▶ **EXERCISE OBJECTIVE**:
Take the line that has "2020 Harley-Davidson ROAD" in it and every line after it to the end of the entries, and reproduce them exactly.

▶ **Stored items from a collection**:

· · · ·

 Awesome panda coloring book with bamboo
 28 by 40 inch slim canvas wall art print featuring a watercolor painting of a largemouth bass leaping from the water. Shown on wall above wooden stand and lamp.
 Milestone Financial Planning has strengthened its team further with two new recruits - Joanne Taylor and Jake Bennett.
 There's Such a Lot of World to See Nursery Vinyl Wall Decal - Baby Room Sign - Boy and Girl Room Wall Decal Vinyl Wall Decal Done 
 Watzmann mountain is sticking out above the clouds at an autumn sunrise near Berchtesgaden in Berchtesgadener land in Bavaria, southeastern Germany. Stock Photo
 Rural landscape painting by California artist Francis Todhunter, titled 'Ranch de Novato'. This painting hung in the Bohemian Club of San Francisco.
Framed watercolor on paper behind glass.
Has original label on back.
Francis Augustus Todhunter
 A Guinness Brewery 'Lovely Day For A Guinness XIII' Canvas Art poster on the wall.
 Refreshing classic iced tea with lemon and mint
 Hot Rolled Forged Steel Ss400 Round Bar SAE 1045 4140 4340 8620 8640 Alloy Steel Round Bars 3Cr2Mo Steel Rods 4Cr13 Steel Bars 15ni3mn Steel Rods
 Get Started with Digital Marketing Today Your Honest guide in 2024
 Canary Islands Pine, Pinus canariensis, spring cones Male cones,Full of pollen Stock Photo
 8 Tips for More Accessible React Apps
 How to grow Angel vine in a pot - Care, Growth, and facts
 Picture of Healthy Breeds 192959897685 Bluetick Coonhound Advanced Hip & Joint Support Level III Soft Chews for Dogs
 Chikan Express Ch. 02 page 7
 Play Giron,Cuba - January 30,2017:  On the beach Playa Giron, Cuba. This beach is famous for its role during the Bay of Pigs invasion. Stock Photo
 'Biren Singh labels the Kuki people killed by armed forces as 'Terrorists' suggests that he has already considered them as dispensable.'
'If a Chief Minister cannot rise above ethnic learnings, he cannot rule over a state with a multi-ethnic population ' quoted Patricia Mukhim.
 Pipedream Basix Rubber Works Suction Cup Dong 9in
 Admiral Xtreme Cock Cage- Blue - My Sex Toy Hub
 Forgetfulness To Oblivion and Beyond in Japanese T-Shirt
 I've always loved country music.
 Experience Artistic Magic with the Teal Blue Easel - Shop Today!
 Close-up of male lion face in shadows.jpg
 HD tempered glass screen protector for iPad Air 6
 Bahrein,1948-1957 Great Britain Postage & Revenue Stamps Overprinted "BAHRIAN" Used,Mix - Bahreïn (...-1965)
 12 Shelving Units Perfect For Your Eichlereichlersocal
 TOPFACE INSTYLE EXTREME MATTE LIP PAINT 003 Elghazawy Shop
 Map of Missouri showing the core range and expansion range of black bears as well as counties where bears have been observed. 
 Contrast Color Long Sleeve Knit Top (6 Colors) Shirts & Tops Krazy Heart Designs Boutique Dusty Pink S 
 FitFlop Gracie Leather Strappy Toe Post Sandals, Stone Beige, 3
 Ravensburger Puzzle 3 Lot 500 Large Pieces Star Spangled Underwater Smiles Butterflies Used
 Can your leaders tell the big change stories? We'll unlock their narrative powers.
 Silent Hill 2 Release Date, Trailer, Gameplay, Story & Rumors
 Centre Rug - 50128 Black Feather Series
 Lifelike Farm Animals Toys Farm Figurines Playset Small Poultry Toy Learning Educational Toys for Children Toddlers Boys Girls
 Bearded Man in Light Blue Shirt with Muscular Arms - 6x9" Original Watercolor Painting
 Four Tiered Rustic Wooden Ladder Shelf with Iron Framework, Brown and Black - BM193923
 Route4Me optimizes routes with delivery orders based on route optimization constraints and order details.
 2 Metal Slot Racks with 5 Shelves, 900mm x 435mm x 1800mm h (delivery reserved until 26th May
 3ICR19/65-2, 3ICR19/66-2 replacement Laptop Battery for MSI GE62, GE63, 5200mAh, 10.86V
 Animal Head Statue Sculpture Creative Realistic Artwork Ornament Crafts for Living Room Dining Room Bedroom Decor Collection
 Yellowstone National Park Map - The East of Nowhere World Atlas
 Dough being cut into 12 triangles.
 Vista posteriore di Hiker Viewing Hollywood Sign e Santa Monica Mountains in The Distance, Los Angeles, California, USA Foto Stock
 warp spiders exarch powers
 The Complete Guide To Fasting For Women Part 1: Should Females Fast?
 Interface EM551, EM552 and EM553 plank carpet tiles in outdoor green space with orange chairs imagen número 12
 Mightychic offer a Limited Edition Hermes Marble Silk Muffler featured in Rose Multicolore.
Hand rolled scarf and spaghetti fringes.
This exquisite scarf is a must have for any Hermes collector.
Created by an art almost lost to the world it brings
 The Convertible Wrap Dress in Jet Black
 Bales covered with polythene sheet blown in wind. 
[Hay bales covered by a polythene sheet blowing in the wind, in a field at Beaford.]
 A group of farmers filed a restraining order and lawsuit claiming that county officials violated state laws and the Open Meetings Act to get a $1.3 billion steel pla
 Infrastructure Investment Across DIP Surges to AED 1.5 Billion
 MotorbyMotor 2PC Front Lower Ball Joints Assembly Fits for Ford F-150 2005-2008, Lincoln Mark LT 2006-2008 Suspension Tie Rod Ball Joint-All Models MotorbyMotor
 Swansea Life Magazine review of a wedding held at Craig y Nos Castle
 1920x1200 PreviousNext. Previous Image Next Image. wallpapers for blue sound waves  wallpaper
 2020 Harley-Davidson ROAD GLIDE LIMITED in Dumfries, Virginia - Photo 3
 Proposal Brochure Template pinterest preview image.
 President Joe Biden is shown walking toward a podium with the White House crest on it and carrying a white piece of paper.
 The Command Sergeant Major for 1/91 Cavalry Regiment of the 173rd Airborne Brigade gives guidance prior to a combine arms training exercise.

· · · ·

▶ **RESULT**:
 2020 Harley-Davidson ROAD GLIDE LIMITED in Dumfries, Virginia - Photo 3
 Proposal Brochure Template pinterest preview image.
 President Joe Biden is shown walking toward a podium with the White House crest on it and carrying a white piece of paper.
 The Command Sergeant Major for 1/91 Cavalry Regiment of the 173rd Airborne Brigade gives guidance prior to a combine arms training exercise.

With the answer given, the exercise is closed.